Saved data entries ->
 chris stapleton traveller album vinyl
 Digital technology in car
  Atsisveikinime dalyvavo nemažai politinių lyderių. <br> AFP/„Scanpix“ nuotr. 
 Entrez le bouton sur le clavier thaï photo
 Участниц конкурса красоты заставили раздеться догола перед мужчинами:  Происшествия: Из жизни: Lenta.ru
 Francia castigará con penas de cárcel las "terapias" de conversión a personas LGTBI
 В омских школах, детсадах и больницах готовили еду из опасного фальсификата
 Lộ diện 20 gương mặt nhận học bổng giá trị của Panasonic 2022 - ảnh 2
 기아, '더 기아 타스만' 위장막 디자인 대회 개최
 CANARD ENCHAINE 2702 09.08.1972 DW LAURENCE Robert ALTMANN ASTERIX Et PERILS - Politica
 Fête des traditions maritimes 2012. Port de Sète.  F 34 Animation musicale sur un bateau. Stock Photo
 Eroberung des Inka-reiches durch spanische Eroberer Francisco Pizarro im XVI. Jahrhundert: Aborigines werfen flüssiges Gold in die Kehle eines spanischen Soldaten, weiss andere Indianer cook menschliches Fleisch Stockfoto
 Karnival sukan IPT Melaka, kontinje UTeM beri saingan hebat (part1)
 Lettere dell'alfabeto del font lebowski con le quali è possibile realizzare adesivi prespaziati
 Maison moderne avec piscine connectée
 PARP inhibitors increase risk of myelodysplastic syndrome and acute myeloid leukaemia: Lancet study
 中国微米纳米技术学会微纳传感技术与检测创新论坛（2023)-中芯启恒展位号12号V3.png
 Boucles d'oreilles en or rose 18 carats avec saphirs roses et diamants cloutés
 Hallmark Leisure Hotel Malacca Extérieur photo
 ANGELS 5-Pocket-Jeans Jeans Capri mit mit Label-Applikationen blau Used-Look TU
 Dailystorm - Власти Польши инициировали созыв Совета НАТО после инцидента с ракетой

The task -> The records above are to be reproduced exactly, with nothing left out.

Solved problem ->
 chris stapleton traveller album vinyl
 Digital technology in car
  Atsisveikinime dalyvavo nemažai politinių lyderių. <br> AFP/„Scanpix“ nuotr. 
 Entrez le bouton sur le clavier thaï photo
 Участниц конкурса красоты заставили раздеться догола перед мужчинами:  Происшествия: Из жизни: Lenta.ru
 Francia castigará con penas de cárcel las "terapias" de conversión a personas LGTBI
 В омских школах, детсадах и больницах готовили еду из опасного фальсификата
 Lộ diện 20 gương mặt nhận học bổng giá trị của Panasonic 2022 - ảnh 2
 기아, '더 기아 타스만' 위장막 디자인 대회 개최
 CANARD ENCHAINE 2702 09.08.1972 DW LAURENCE Robert ALTMANN ASTERIX Et PERILS - Politica
 Fête des traditions maritimes 2012. Port de Sète.  F 34 Animation musicale sur un bateau. Stock Photo
 Eroberung des Inka-reiches durch spanische Eroberer Francisco Pizarro im XVI. Jahrhundert: Aborigines werfen flüssiges Gold in die Kehle eines spanischen Soldaten, weiss andere Indianer cook menschliches Fleisch Stockfoto
 Karnival sukan IPT Melaka, kontinje UTeM beri saingan hebat (part1)
 Lettere dell'alfabeto del font lebowski con le quali è possibile realizzare adesivi prespaziati
 Maison moderne avec piscine connectée
 PARP inhibitors increase risk of myelodysplastic syndrome and acute myeloid leukaemia: Lancet study
 中国微米纳米技术学会微纳传感技术与检测创新论坛（2023)-中芯启恒展位号12号V3.png
 Boucles d'oreilles en or rose 18 carats avec saphirs roses et diamants cloutés
 Hallmark Leisure Hotel Malacca Extérieur photo
 ANGELS 5-Pocket-Jeans Jeans Capri mit mit Label-Applikationen blau Used-Look TU
 Dailystorm - Власти Польши инициировали созыв Совета НАТО после инцидента с ракетой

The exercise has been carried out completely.